Kommunalwahl 2020

CDU Gelsenkirchen wirft SPD „schmutzigen Wahlkampfstil“ vor

Ex-OB Oliver Wittke: „Das politische Niveau der Gelsenkirchener-SPD hat einen neuen Tiefpunkt erreicht“.

Ex-OB Oliver Wittke: „Das politische Niveau der Gelsenkirchener-SPD hat einen neuen Tiefpunkt erreicht“.

Foto: Ingo Otto / FUNKE Foto Services

Gelsenkirchen.  Nach Vorwürfen um Anti-Isreal-Posts von Malte Stuckmann kritisieren CDU und Ex-OB Wittke die Sozialdemokraten für „Fake News“ und AfD-Methoden.

Der CDU-Bundestagsabgeordnete und frühere Oberbürgermeister Oliver Wittke, wirft der SPD vor, in dem diesjährigen Kommunalwahlkampf die „dicke Dreckschleuder“ herausgeholt zu haben. Damit reagiert Wittke auf die Kritik von SPD-Fraktionschef Klaus Haertel, Unionskandidat Malte Stuckmann habe nach „fadenscheinigen Ausreden“ um ein angeblich antiisraelisches Facebook-Foto aus dem Jahr 2014 bewiesen, dass er für das Amt des Oberbürgermeisters „kein Format“ habe.

„Offensichtlich sollen persönliche Angriffe und Herabsetzungen die inhaltliche Auseinandersetzung ersetzen. Das zeigt, dass bei der SPD die Nerven blank liegen“, teilte Wittke mit. Das politische Niveau der Sozialdemokraten habe damit „einen neuen Tiefpunkt“ erreicht. „Wenn es in solchen Stilfragen keinen Konsens der Demokratie mehr gibt, betreibt die SPD das Spiel der AfD“, so Wittke. Fairnessabkommen für den Wahlkampf könne man sich so künftig sparen. Der Ex-OB kritisiert zudem, dass Karin Welge, die SPD-Bewerberin für das OB-Amt, zu den Vorfällen schweige.

CDU spricht von „abwegiger Polit-Posse“

Mit ähnlich scharfen Worten haben auch der CDU-Kreisvorsitzende Sascha Kurth und CDU-Fraktionschef Wolfgang Heinberg zu den Anschuldigungen der SPD Stellung genommen. „Wer wie die SPD Fake-News einsetzt, um sich nach Jahren der Misswirtschaft an der Macht zu halten, disqualifiziert sich vollständig“, heißt es in einer CDU-Mitteilung.
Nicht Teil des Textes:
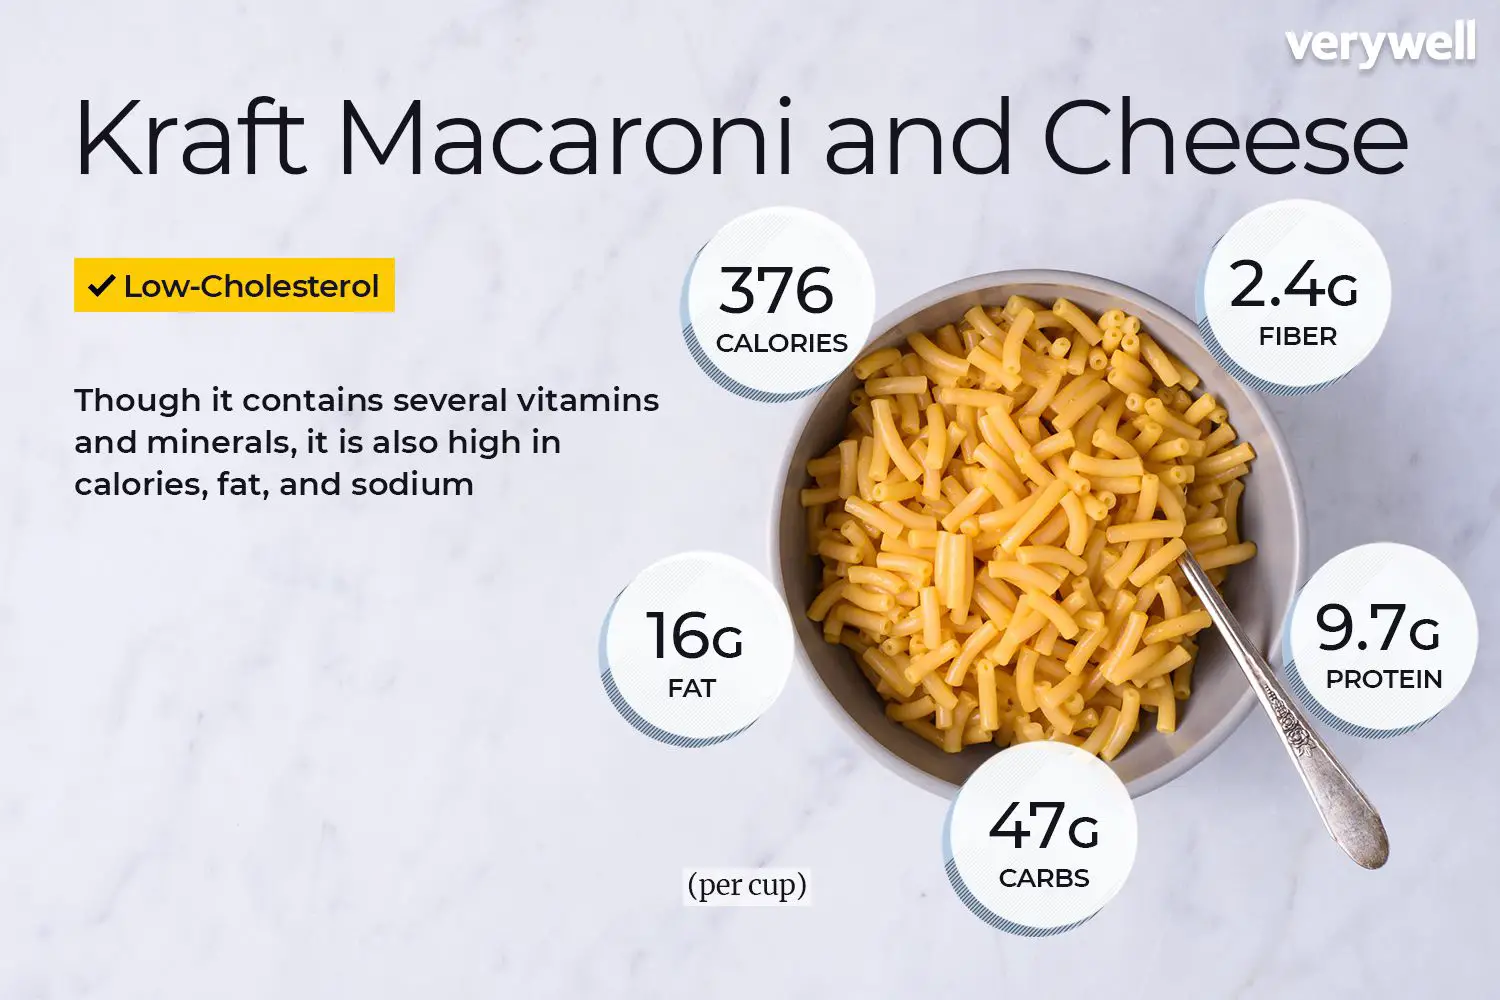 Mac and Cheese Calories, Carbs, and Nutrition Facts by Brand

Die SPD setze ihre „Schmutzkampagne“ fort.

Haertels Vorwürfe, Stuckmann habe „nur Ausreden“ bei der Kritik um das pro-palästinensische und inzwischen nicht mehr auffindbare Facebook-Bild gefunden, bezeichnen die Christdemokraten als „unseriöse Anwürfe und Falschbehauptungen“. Die Äußerungen seien nicht nur „schäbig, sondern demokratiefeindlich“, man habe die Absicht, Stuckmann „in eine Debatte hineinzuziehen, die auf Lügen aufgebaut ist“. All dies zeuge von einem „schmutzigen Wahlkampfstil und abwegigen, absurden Polit-Possen“.

Worum es in dem Streit geht

Die harte Auseinandersetzung unter den Parteien geht zurück auf einen Beitrag des Blogs „Ruhrbarone“, in dem Stuckmann vorgeworfen wurde, mit einem Bild auf Facebook 2014 Partei für die Palästinenser im Nahost-Konflikt ergriffen zu haben. Darauf zu sehen ist das umstrittene Foto, auf dem ein Palästinenser den Mund von einem Israeli zugehalten bekommt. Stuckmann hatte der WAZ gegenüber erklärt, dass er sich nicht an das Bild erinnern könne und dieses nicht seine politische Überzeugung widerspiegele. Die SPD veröffentlichte folgend ein Bildschirmfoto, das vom August stammen und das umstrittene Foto in Stuckmanns Bilderordner zeigen soll.